Implement zone-disaster recovery using an ALB multi-cluster gateway in ACK One - Server Load Balancer

The Application Load Balancer (ALB) multi-cluster gateways of Distributed Cloud Container Platform for Kubernetes (ACK One) can be used together with ACK One GitOps or the multi-cluster application distribution feature to quickly implement zone-disaster recovery. This allows you to ensure the high availability of your business and automatically switch traffic in a seamless manner when a fault occurs. This topic describes how to build a zone-disaster recovery system by using multi-cluster gateways.

Disaster recovery overview

Disaster recovery solutions in the cloud can be classified into the following types:

Zone-disaster recovery: This solution includes active zone-redundancy and primary/secondary disaster recovery. The network latency between data centers located in the same region is low. Therefore, zone-disaster recovery is suitable for protecting data against zone-level hazardous events, such as fire, network interruptions, and power outages. Although this solution uses simple methods to back up and restore data, it is applicable for common scenarios.
Active geo-redundancy: The network latency between data centers will be higher if the active geo-redundancy solution is used. However, this solution can efficiently protect data against region-level disasters, such as floods and earthquakes.
Disaster recovery based on three data centers across two zones: This solution provides the benefits of zone-disaster recovery and active geo-redundancy. This solution is suitable for scenarios where you need to ensure the continuity and availability of applications.

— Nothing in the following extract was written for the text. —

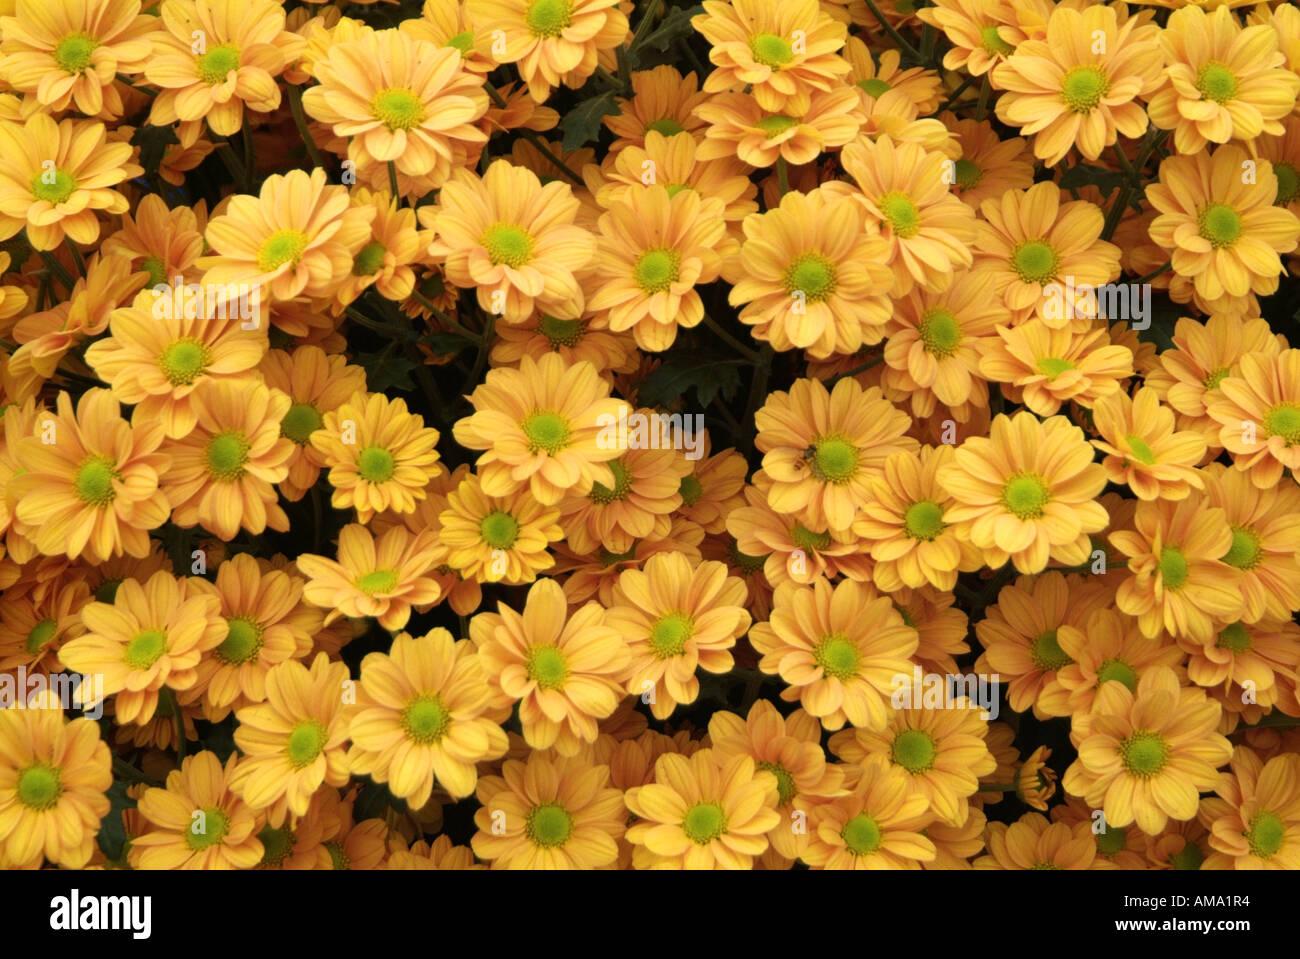 Chrysanthème pulvérisation genre frontière fleur jardin variété chef bud l'ambre jaune Banque D'Images

In most cases, the business architecture of an enterprise can be divided into the following layers from the top down: access layer, application layer, and data layer.

Access layer: serves as an entry point for ingress traffic. This layer routes ingress traffic to the backend application layer based on forwarding rules.
Application layer: hosts applications. This layer processes ingress traffic and sends the results back to the upper layer.
Data layer: stores data. This layer provides data and storage services for the application layer.

When you build a disaster recovery system for your business, you need to enforce recovery measures on each layer.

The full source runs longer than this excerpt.